What is being asked ▸ Your answer must be the data repeated exactly, with no pictures in it.

Supplied data ▸
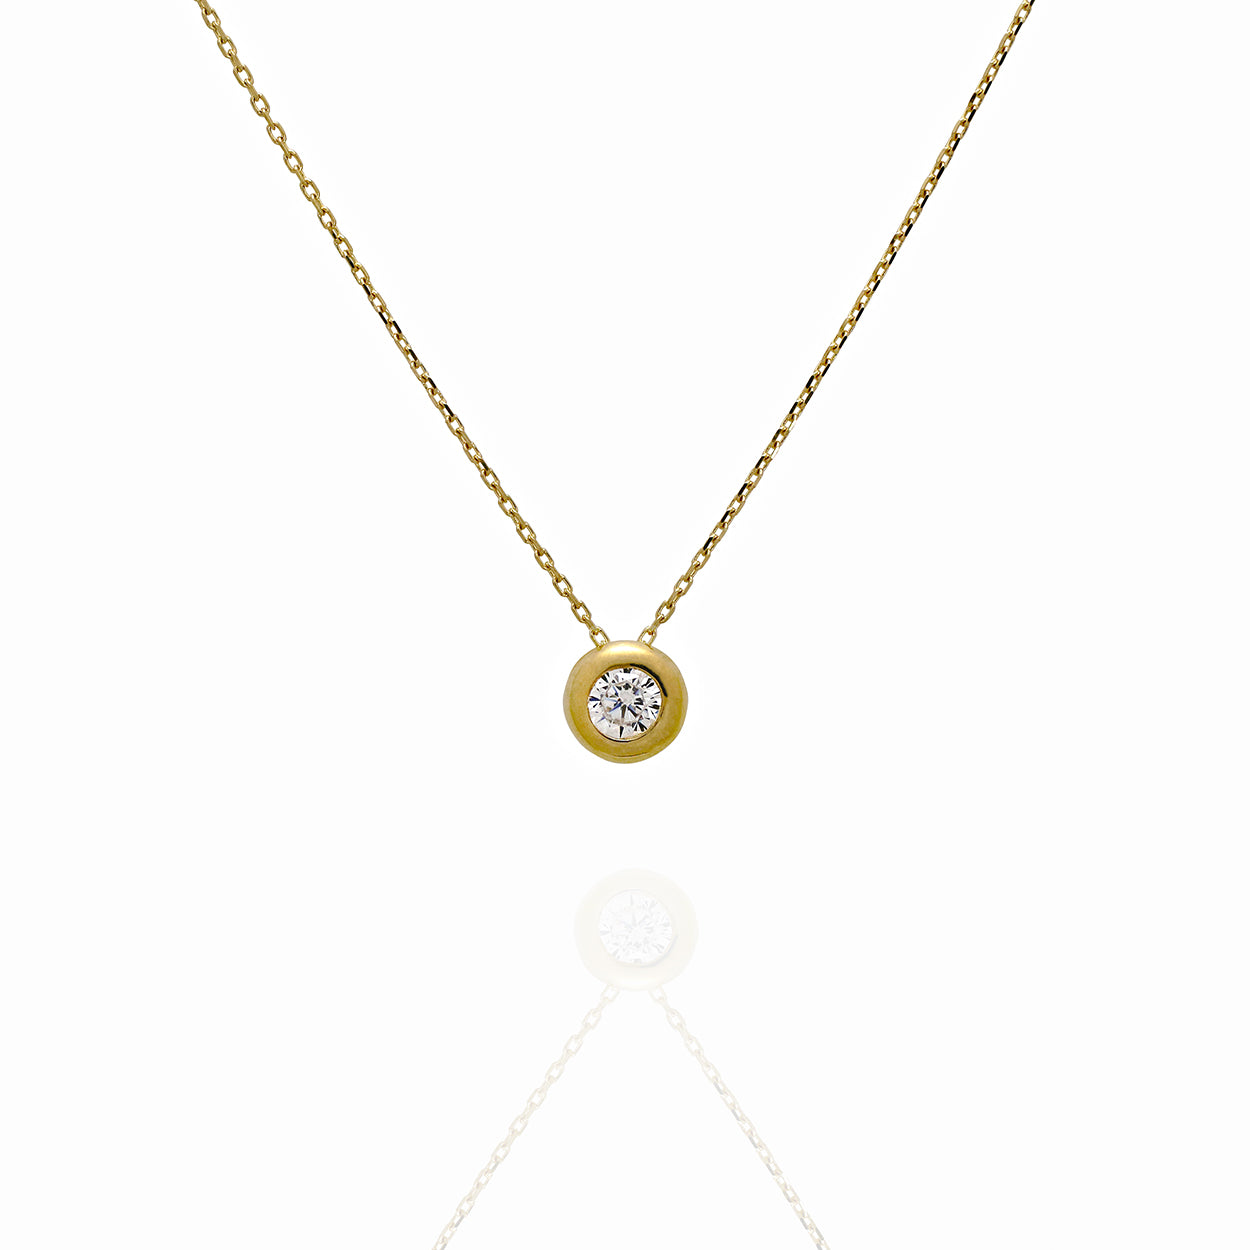 10kt Yellow gold Necklace with bezel Set Cubic Zirconia on a Cable style chain
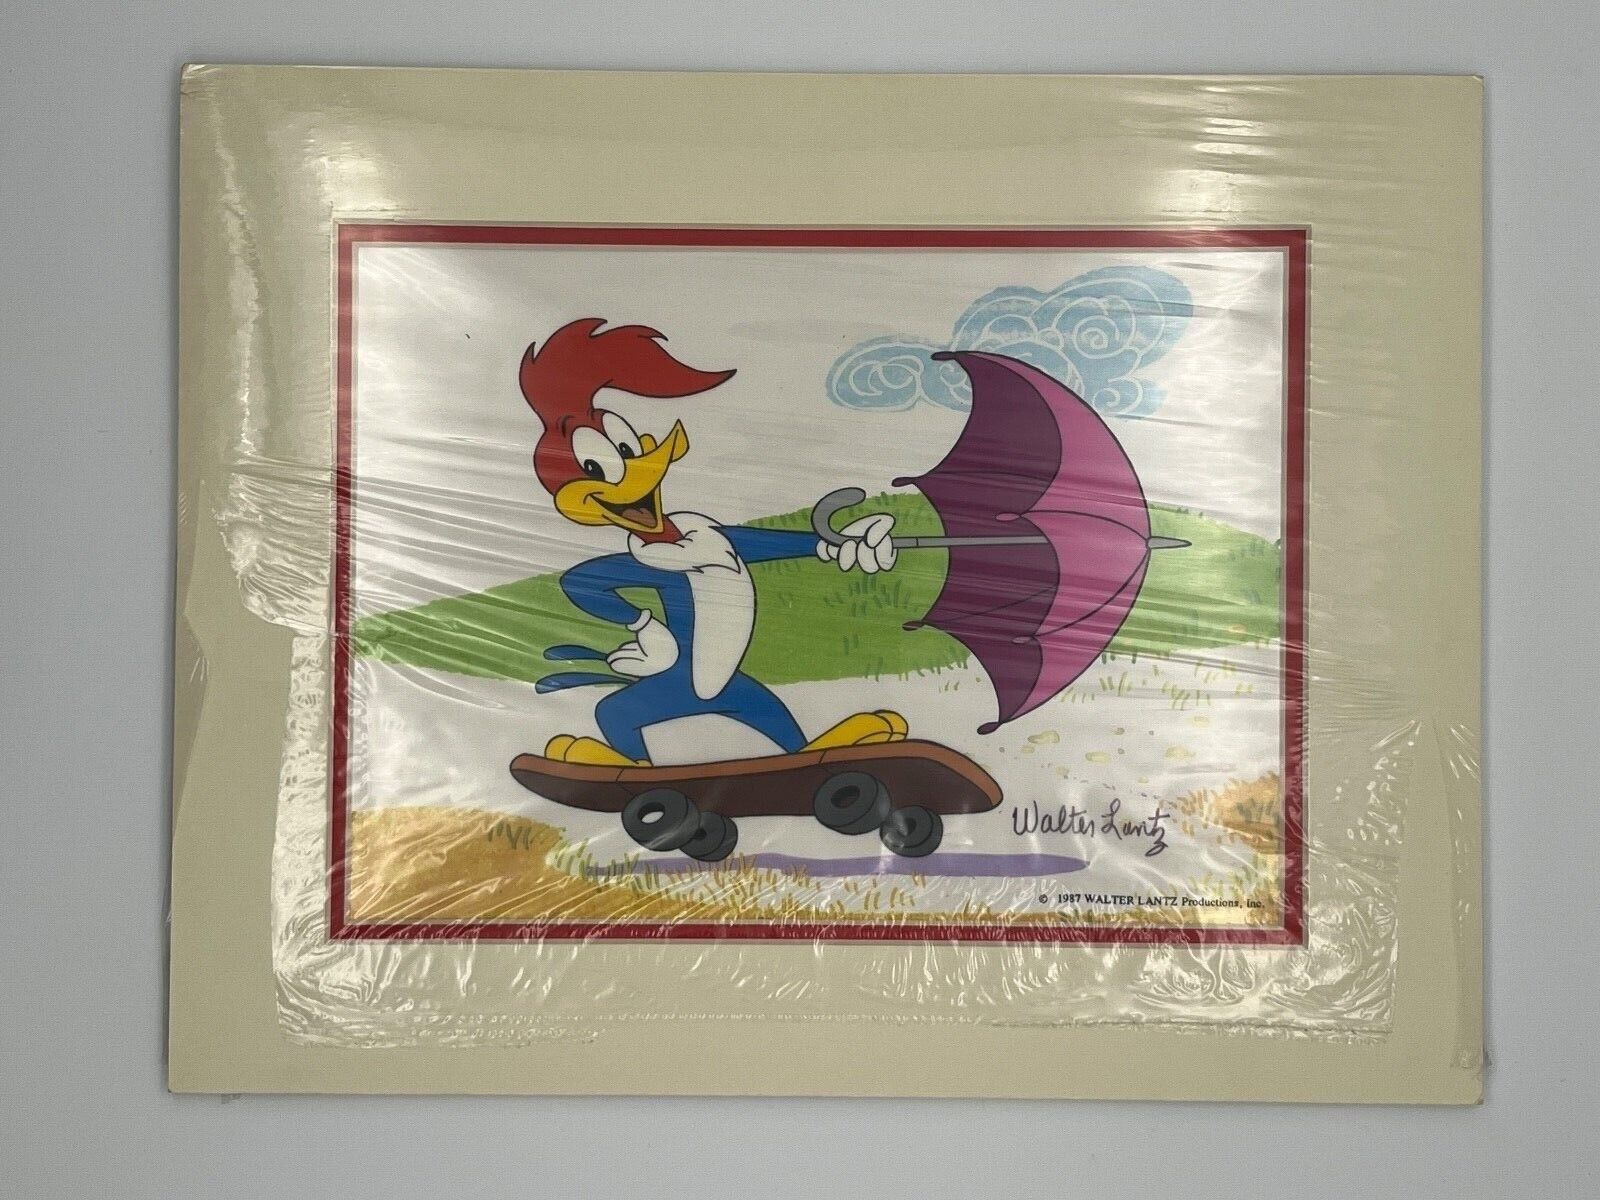 WOODY WOODPECKER ANIMATION CEL WIND POWER WALTER LANTZ SIGNED 1987 HAND PAINTED
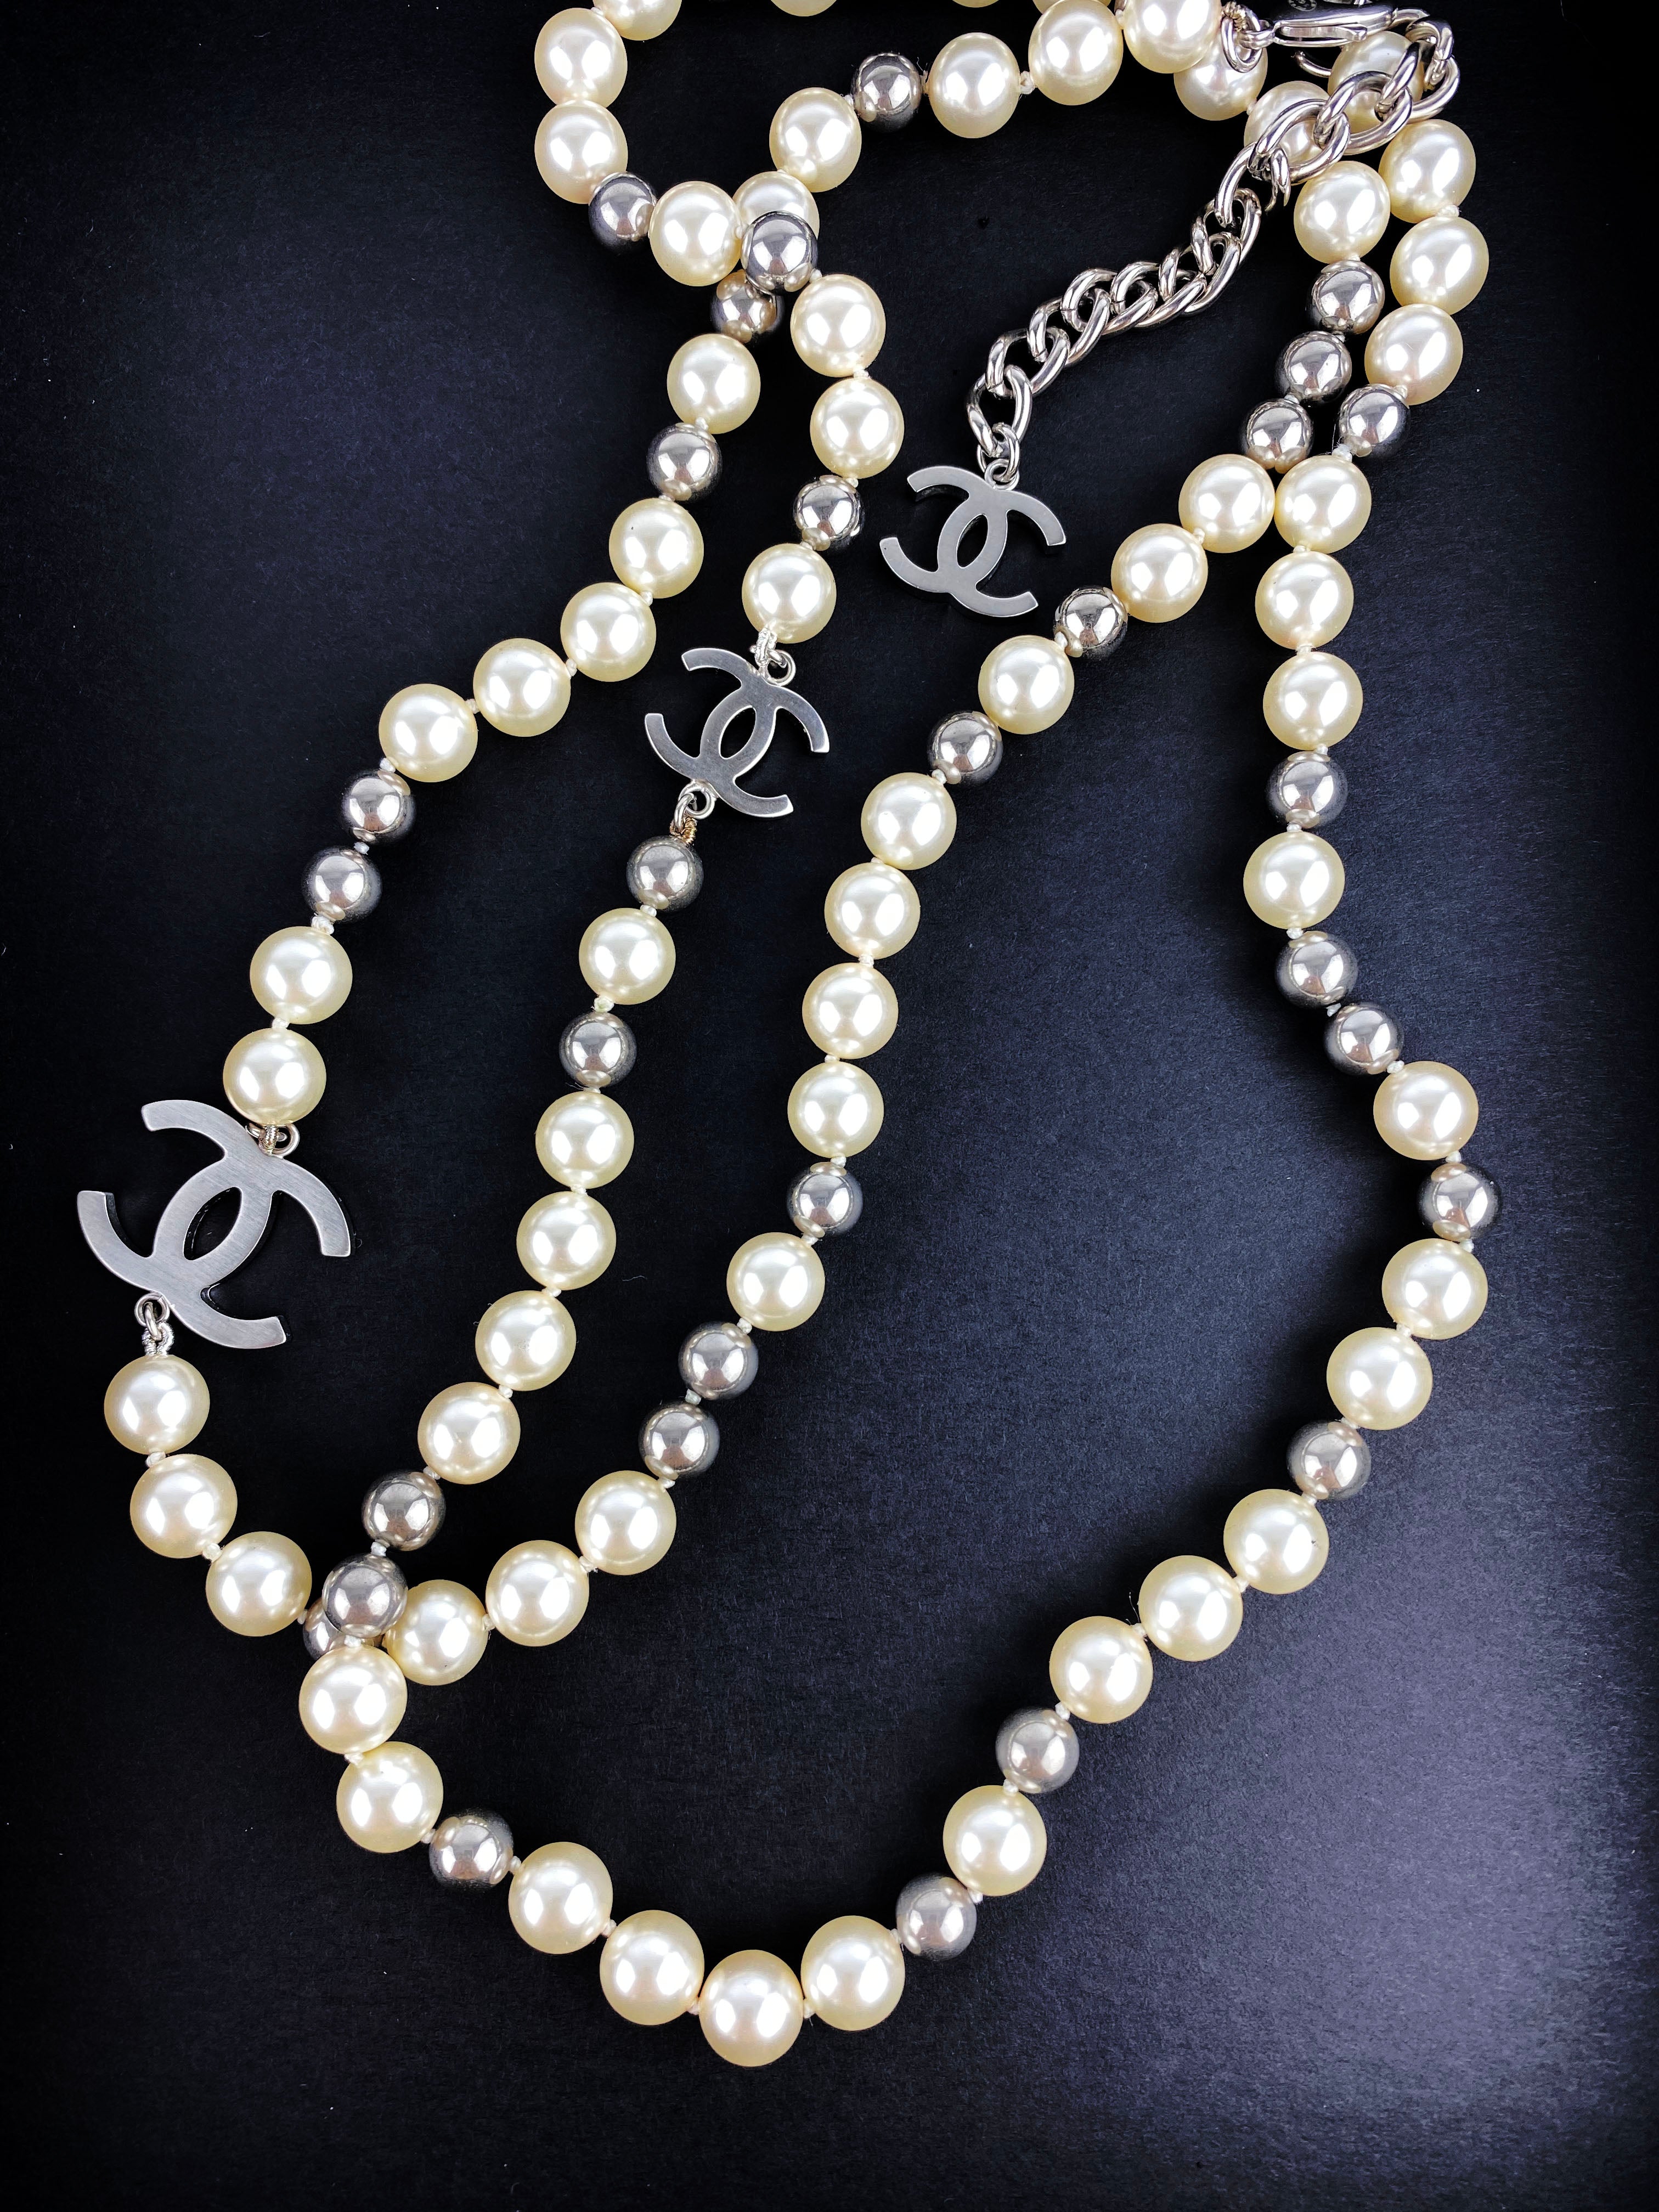 chanel-pearl-cc-necklace-2.jpg

Exercise response ▸
 10kt Yellow gold Necklace with bezel Set Cubic Zirconia on a Cable style chain
 WOODY WOODPECKER ANIMATION CEL WIND POWER WALTER LANTZ SIGNED 1987 HAND PAINTED
 chanel-pearl-cc-necklace-2.jpg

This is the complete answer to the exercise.